▽

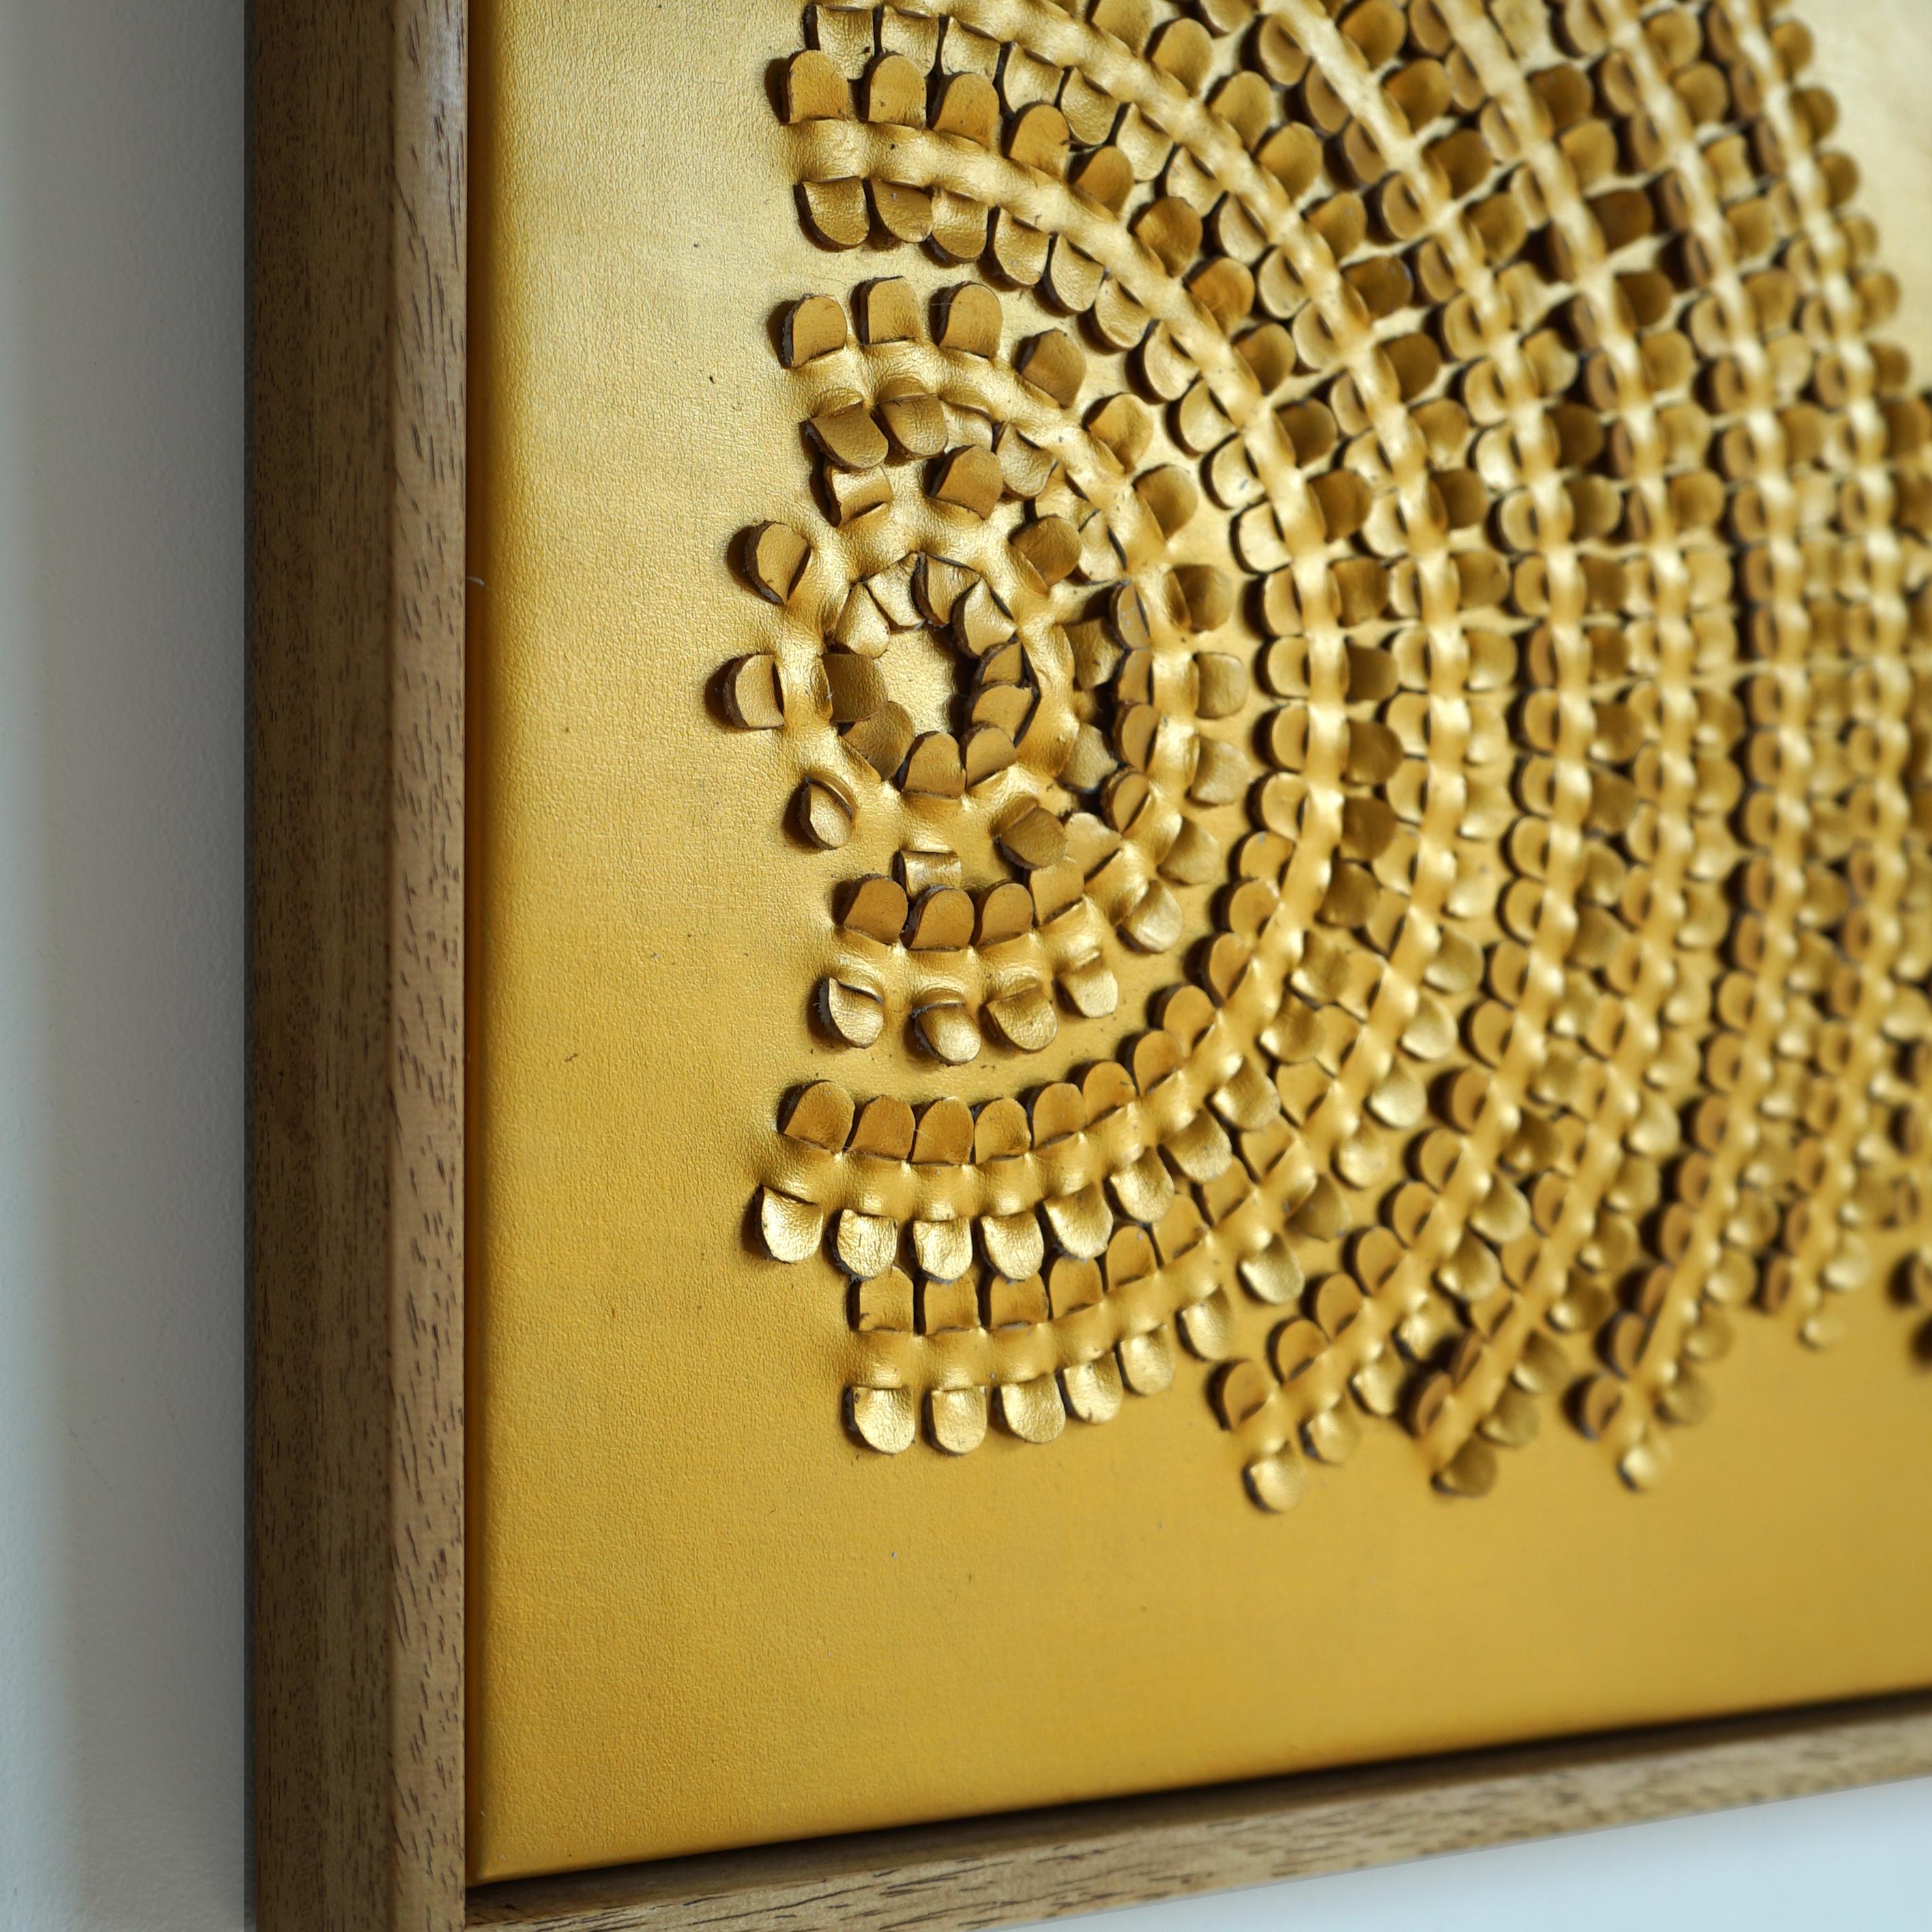 Wave:

A piece of 3D sculptural wall art designed and made from two layers of gold leather, woven together by Louise Heighes.
Measurements are 21 x 21 inches or 54 x 54 cm.

This piece has been inspired by basket weaving.
I love the way a simple
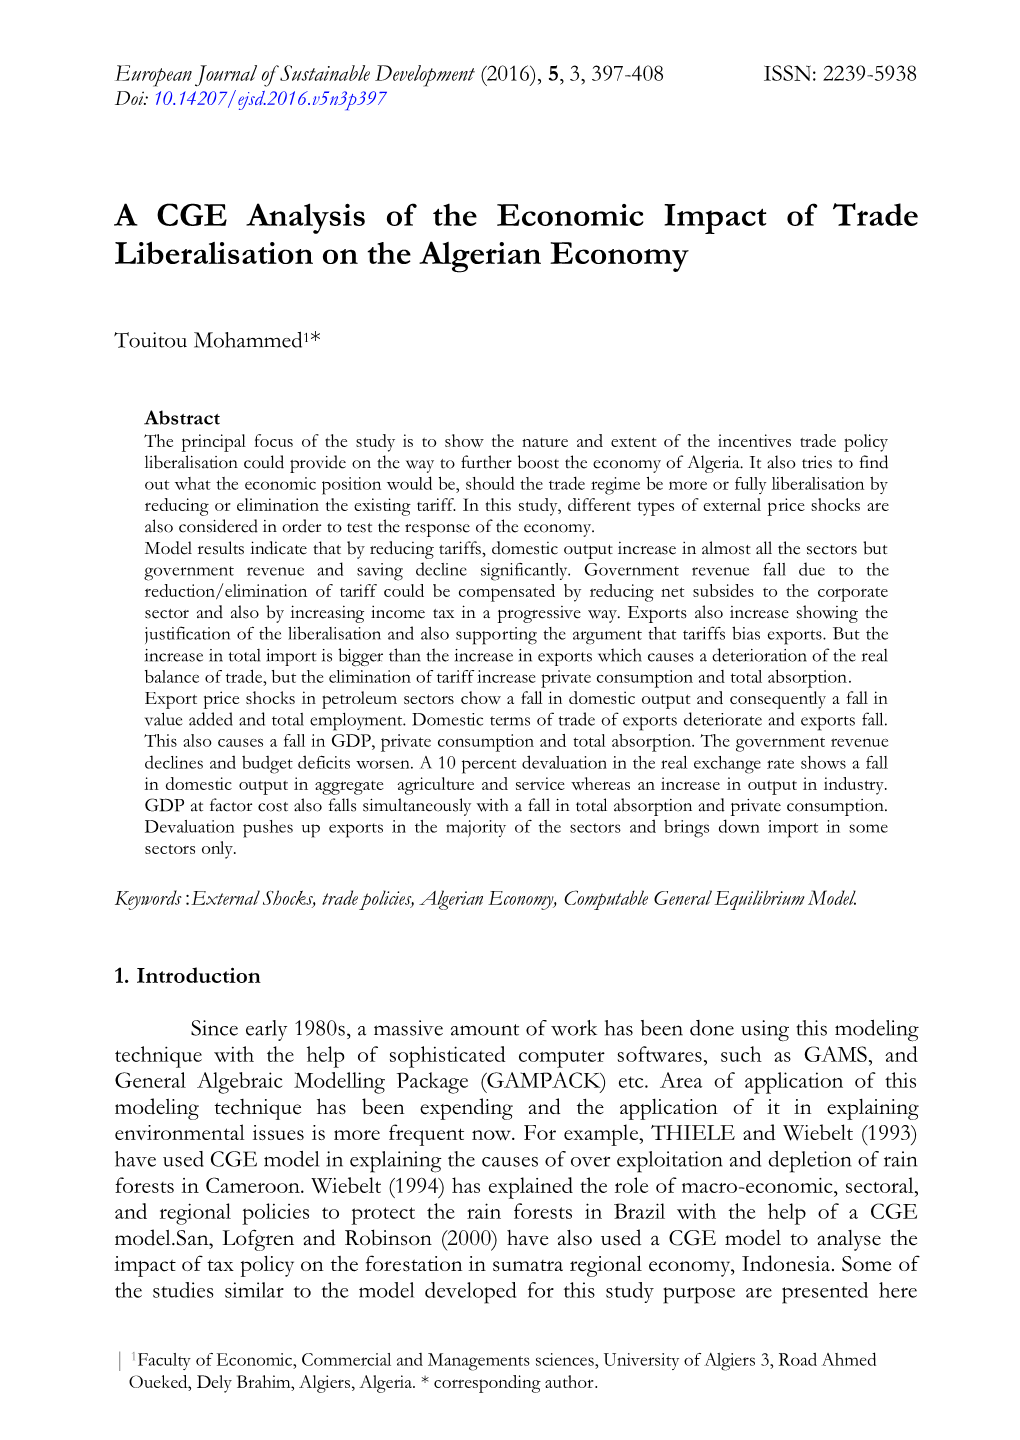 A CGE Analysis of the Economic Impact of Trade Liberalisation on the Algerian Economy
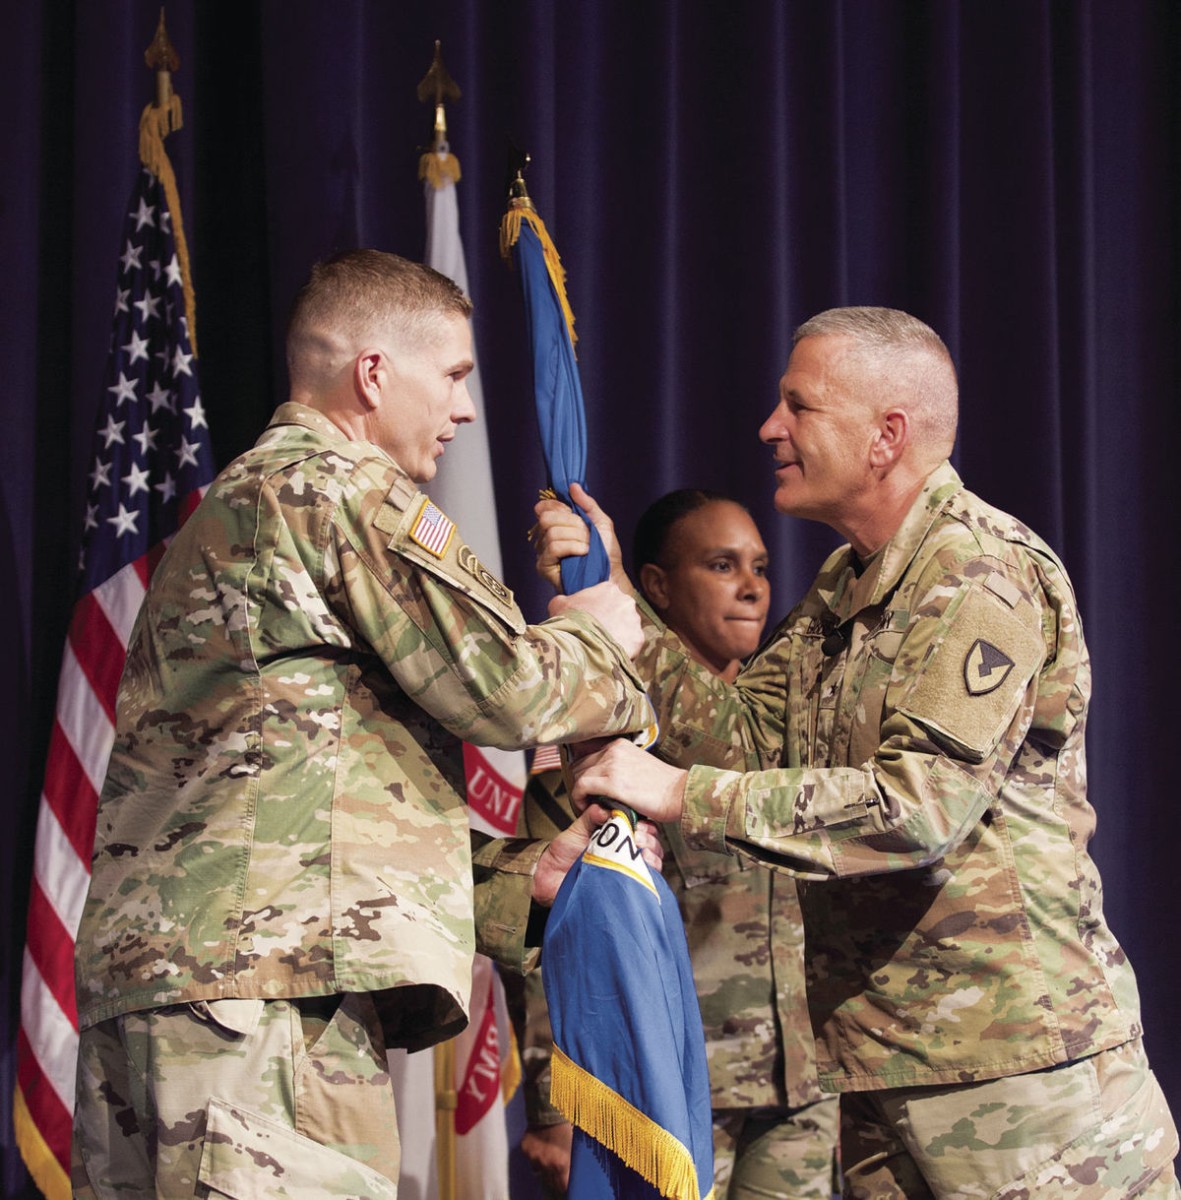 MICCFort Belvoir new leader Article The United States Army

△

▶ [What you need to do] Search the data and copy each line containing "piece".

▶ [Your solution]
A piece of 3D sculptural wall art designed and made from two layers of gold leather, woven together by Louise Heighes.
This piece has been inspired by basket weaving.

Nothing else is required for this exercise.